Sudden sensorineural hearing loss is an otologic emergency, and must be treated with a high dose of steroids.

Differential diagnosis

Sensorineural hearing loss may be congenital or acquired.

Congenital

  • lack of development (aplasia) of the cochlea
  • Chromosomal syndromes (rare)
  • Congenital cholesteatoma - squamous epithelium from the ear canal invades the middle ear, which is normally covered by respiratory epithelium. The squamous epithelium behaves like an invasive tumour and destroys middle ear structures if not removed
  • Delayed familial progressive

Acquired

  • Inflammatory
    • Suppurative labyrinthitis
    • Meningitis
    • Mumps
    • Measles
    • Viral
    • Syphilis
  • Ototoxic drugs
    • Aminoglycosides (most common cause; e.g., tobramycin)
    • Loop diuretics (e.g., Furosemide)
    • Anti-Metabolites (e.g., Methotrexate)
    • Salicylates (e.g., Aspirin)
  • Physical trauma - either due to a fracture of the temporal bone affecting the cochlea and middle ear, or a shearing injury affecting cranial nerve VIII.
  • Noise-induced - prolonged exposure to loud noises (>90dB) causes hearing loss which begins at 4000Hz (high frequency).

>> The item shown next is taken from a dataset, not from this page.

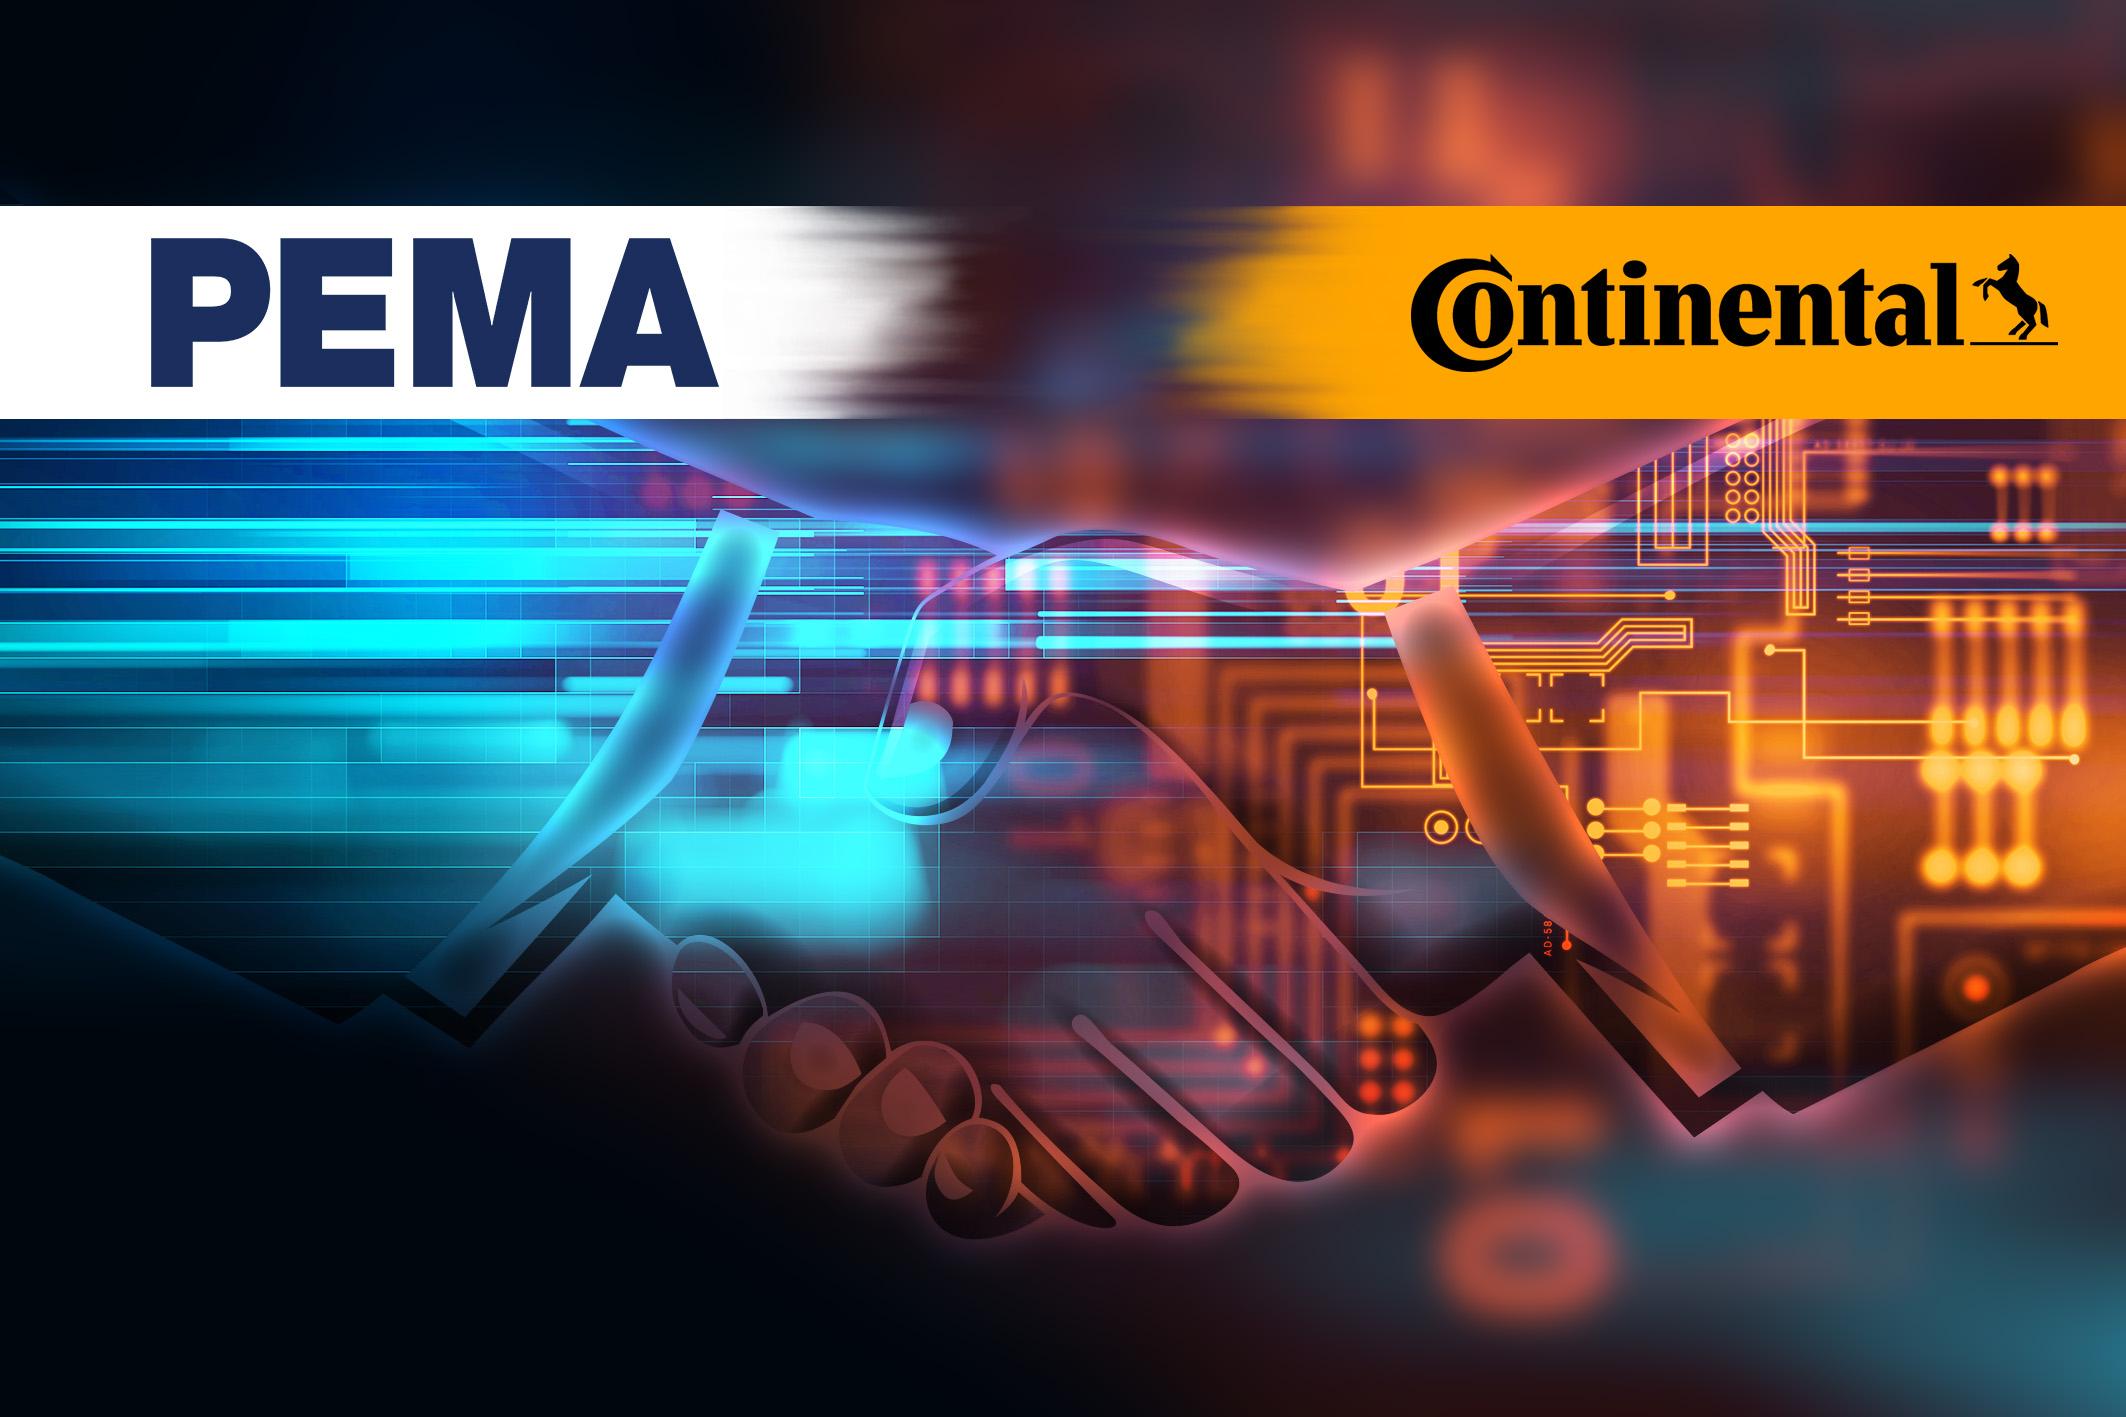 Digitalizácia: PEMA a Continental optimalizujú správu pneumatík pre celý vozový park

The normal hearing range is from 125 Hz to 8,000 Hz.
  • Presbyacusis - age-related hearing loss that occurs in the high frequency range (4000Hz to 8000Hz).
  • Sudden hearing loss
    • Idiopathic
    • Vascular ischemia of the inner ear or CN 8
    • Perilymph fistula, usually due to a rupture of the round or oval windows and the leakage of perilymph. The patient will most likely also experience vertigo or imbalance. A history of an event that increased intracranial pressure or caused trauma is usually present).
  • Autoimmune - a prompt injection of steroids into ear is necessary.
  • Cerebellopontine angle tumour (junction of the pons and cerebellum) (the cerebellopontine angle is the exit site of both CN7 and CN8. Patients with these tumours often have signs and symptoms corresponding to compression of both nerves)
    • Acoustic neuroma (Vestibular schwannoma) - this is a schwannoma (benign neoplasm of Schwann cells)
    • Meningioma - benign tumour of the pia and arachnoid maters
  • Meniere's disease - causes sensorineural hearing loss in the low frequency range (125 Hz to 1000 Hz). Meniere's disesase is characterized by sudden attacks of vertigo lasting minutes to hours preceded by tinnitus, aural fullness, and fluctuating hearing loss.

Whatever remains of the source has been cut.